Items from a dataset
== Segment start ==
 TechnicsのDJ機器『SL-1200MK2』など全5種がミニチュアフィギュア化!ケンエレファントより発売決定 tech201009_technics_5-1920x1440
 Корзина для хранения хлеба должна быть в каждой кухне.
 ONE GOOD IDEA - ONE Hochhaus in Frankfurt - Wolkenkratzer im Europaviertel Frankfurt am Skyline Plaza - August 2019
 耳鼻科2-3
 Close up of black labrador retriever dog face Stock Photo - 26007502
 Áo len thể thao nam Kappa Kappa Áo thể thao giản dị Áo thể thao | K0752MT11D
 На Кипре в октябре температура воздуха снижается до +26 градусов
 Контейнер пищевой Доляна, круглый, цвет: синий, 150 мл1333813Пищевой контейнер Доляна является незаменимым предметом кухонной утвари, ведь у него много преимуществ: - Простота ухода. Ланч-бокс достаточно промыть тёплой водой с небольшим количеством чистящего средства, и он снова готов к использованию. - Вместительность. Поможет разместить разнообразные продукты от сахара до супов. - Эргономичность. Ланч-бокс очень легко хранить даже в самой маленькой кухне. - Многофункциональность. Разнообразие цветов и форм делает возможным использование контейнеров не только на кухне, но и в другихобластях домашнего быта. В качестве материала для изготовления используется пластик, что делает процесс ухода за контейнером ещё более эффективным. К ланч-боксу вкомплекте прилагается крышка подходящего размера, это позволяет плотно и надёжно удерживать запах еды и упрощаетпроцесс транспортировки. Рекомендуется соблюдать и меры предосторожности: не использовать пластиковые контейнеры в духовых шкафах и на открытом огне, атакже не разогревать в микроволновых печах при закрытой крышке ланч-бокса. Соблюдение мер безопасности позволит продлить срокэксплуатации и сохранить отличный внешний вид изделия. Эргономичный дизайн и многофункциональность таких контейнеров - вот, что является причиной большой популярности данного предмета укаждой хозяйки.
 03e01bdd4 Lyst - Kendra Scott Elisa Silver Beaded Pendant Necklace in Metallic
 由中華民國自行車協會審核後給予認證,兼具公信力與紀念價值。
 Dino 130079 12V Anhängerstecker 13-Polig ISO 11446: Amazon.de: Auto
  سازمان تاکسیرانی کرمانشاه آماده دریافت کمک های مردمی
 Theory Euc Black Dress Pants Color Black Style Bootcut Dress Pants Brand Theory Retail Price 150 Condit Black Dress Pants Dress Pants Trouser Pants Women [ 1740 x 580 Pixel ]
== Segment end ==
- [What to work on] Print the line that contains "Контейнер пищевой Доляна, круглый, цвет: синий, 150", then every later line of the entries above up to and including the last, all exactly as written.

- [Task answer]
 Контейнер пищевой Доляна, круглый, цвет: синий, 150 мл1333813Пищевой контейнер Доляна является незаменимым предметом кухонной утвари, ведь у него много преимуществ: - Простота ухода. Ланч-бокс достаточно промыть тёплой водой с небольшим количеством чистящего средства, и он снова готов к использованию. - Вместительность. Поможет разместить разнообразные продукты от сахара до супов. - Эргономичность. Ланч-бокс очень легко хранить даже в самой маленькой кухне. - Многофункциональность. Разнообразие цветов и форм делает возможным использование контейнеров не только на кухне, но и в другихобластях домашнего быта. В качестве материала для изготовления используется пластик, что делает процесс ухода за контейнером ещё более эффективным. К ланч-боксу вкомплекте прилагается крышка подходящего размера, это позволяет плотно и надёжно удерживать запах еды и упрощаетпроцесс транспортировки. Рекомендуется соблюдать и меры предосторожности: не использовать пластиковые контейнеры в духовых шкафах и на открытом огне, атакже не разогревать в микроволновых печах при закрытой крышке ланч-бокса. Соблюдение мер безопасности позволит продлить срокэксплуатации и сохранить отличный внешний вид изделия. Эргономичный дизайн и многофункциональность таких контейнеров - вот, что является причиной большой популярности данного предмета укаждой хозяйки.
 03e01bdd4 Lyst - Kendra Scott Elisa Silver Beaded Pendant Necklace in Metallic
 由中華民國自行車協會審核後給予認證,兼具公信力與紀念價值。
 Dino 130079 12V Anhängerstecker 13-Polig ISO 11446: Amazon.de: Auto
  سازمان تاکسیرانی کرمانشاه آماده دریافت کمک های مردمی
 Theory Euc Black Dress Pants Color Black Style Bootcut Dress Pants Brand Theory Retail Price 150 Condit Black Dress Pants Dress Pants Trouser Pants Women [ 1740 x 580 Pixel ]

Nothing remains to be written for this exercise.